Amir as a kid is a boy, having problems getting the affection and love from his father. He tries hard, but only when he wins the kite contest in 1975, he achieves this. But then he has other problems to worry about, so he never has any time to enjoy it. He describes himself as a coward, with no guts whatsoever. Although Hassan is his best friend, he sometimes feels superior to him, mocking him for his illiteracy and ignorance. He didn’t know any women until he fell in love with Soraya, and he says himself that this is what makes him different from all the other Afghan men. He enjoyed making stories, and wrote a lot of short stories in the book he got from Rahim Khan.


Hassan is the son of Ali, Baba’s servant. He is a Hazara boy, and he is often victim of racism and oppression because of this. He is a lot like the opposite of Amir. He is very brave, heroic, unselfish and loyal, and he is also not very sophisticated, and never went to any school until years after the parting from Amir. When Amir asks him to bring him the kite he cut in the competition, he answers; “For you, a thousand times over”. This line single-handedly describes the loyalty he has to his friend; after all, he is the son of a servant. He was loyal to the end, and when Amir tries to frame him for stealing, he says it was him, to keep Amir out of trouble.

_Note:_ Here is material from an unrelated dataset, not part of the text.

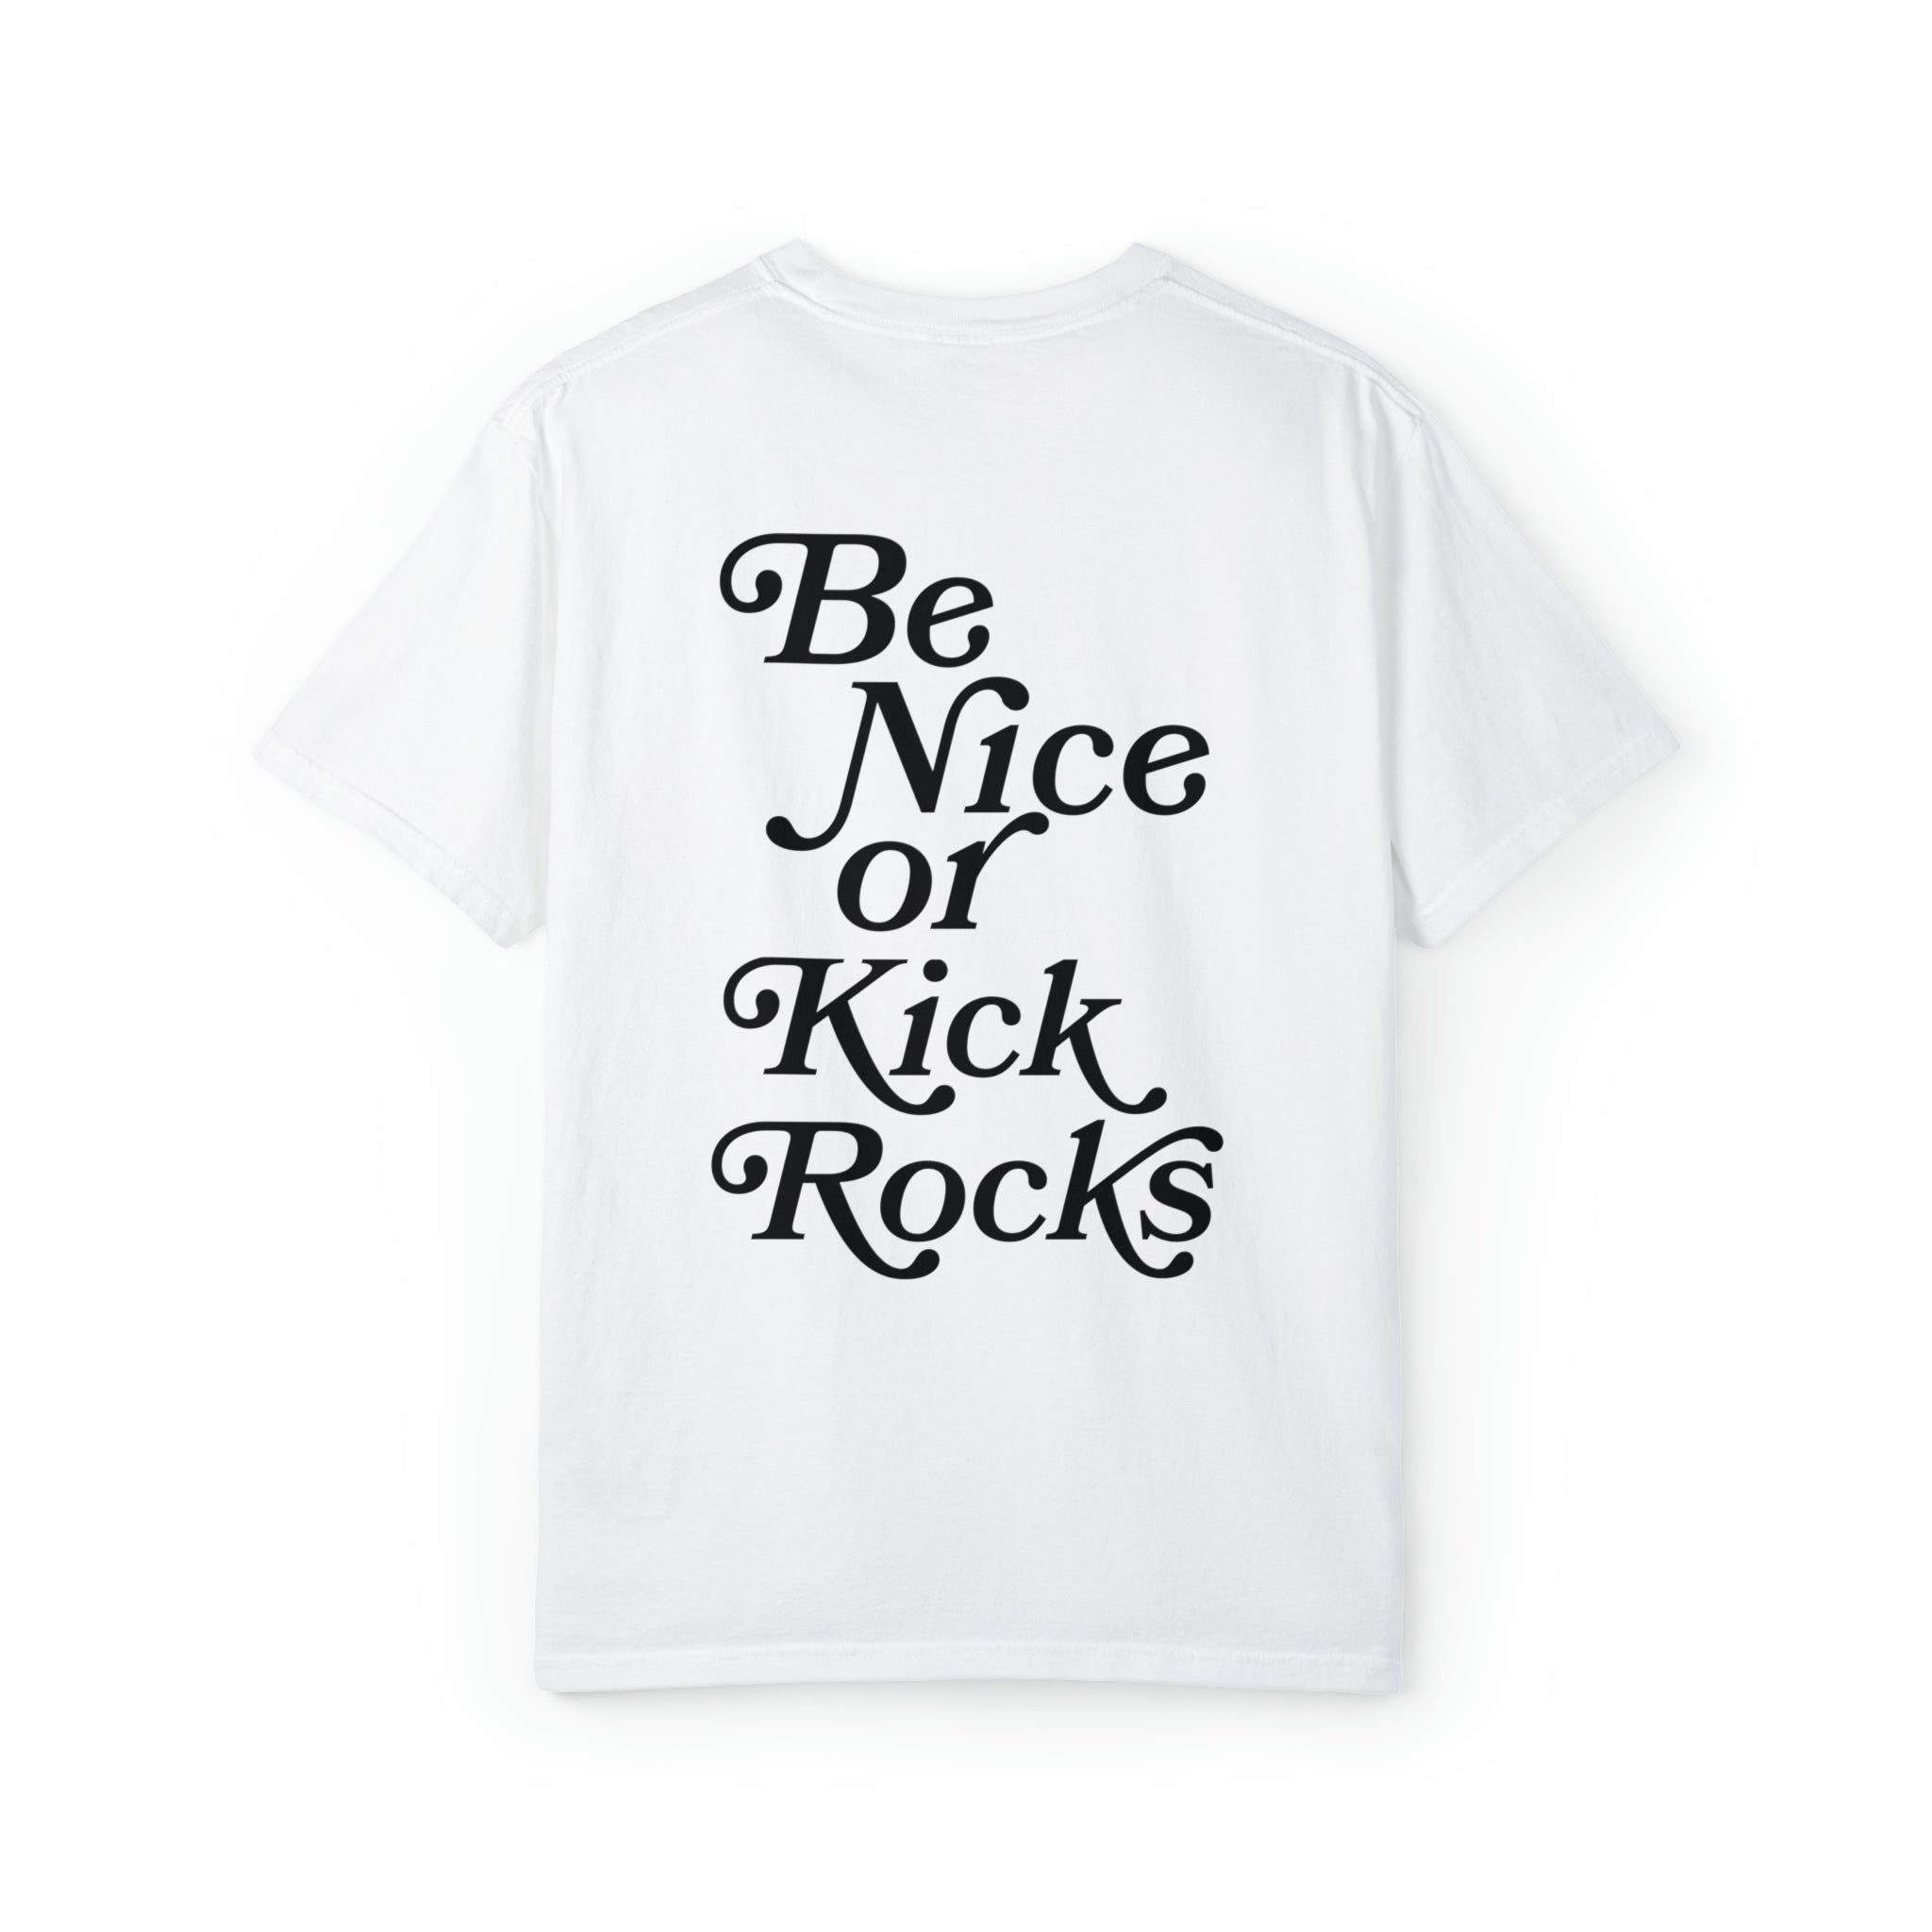  'Be Nice or Kick Rocks' Comfort Colors T-Shirt. Its soft fabric coupled with a bold slogan makes it a perfect blend of coziness and motivation for everyday wear.

Baba is the father of Amir. He is a very rich man in Afghanistan, living in a big house, driving an American car, and having several employees. Through Amir’s childhood, he seems to be disappointed of his son, blaming him for the death of his wife. After his decease, when we meet his friend, Rahim Khan again, we learn that he didn’t feel very good about himself, and that he had problems treating his son and his secret son equally. That also explains why he had a much better relationship with Hassan when they came to America. The transition to America and American culture was very difficult on Baba. He had left his life as a rich person in Afghanistan, and started a new life in America, working at a gas station. He died as a happy man, knowing that his legacy would get carried on with his then married son.


Rahim Khan was Baba’s best friend in Afghanistan. To Amir he seemed more like a second father. He paid a great interest in Amir and Amir’s stories. He is a smart and reasonable man, giving advice to both Baba and Amir. He encourages Amir to writing more stories. When we meet him in again in Pakistan, he is the voice of truth. He’s admitting to all the lies committed by Baba through the time.


Assef is the “Bad guy” in the story. Bottom down, it’s because of him the severance of Amir and Hassan takes place. As a kid, he is the bully in the neighborhood, wanting to teach younger kids a lesson in respect. Ironically enough we meet him once again as a Taliban officer, abusing the son of an earlier victim.


Soraya is the woman, who ends up marrying Amir. She is a caring person, as we can see on how she treats Baba when he is very sick. She has very much in common with Amir. She has a difficult past, that haunts her, and she has some issues with her father.


The writer uses very effective agents when telling the story. We can see when he uses words from his mother tongue to give us the impression of being in Afghanistan, or in an Afghan environment. When he describes environments and people, he often uses comparisons to things the reader knows or has heard of before.


The book is a great story of a boy, portraying his life as a child, in the pre-revolutionized Afghanistan, and up to his life in America in the 21st century. His characters really have personality, and you feel like you get to know the main character in the story. If I should describe the book with just one word, I would have to quote Rahim Khan; “Bravo!”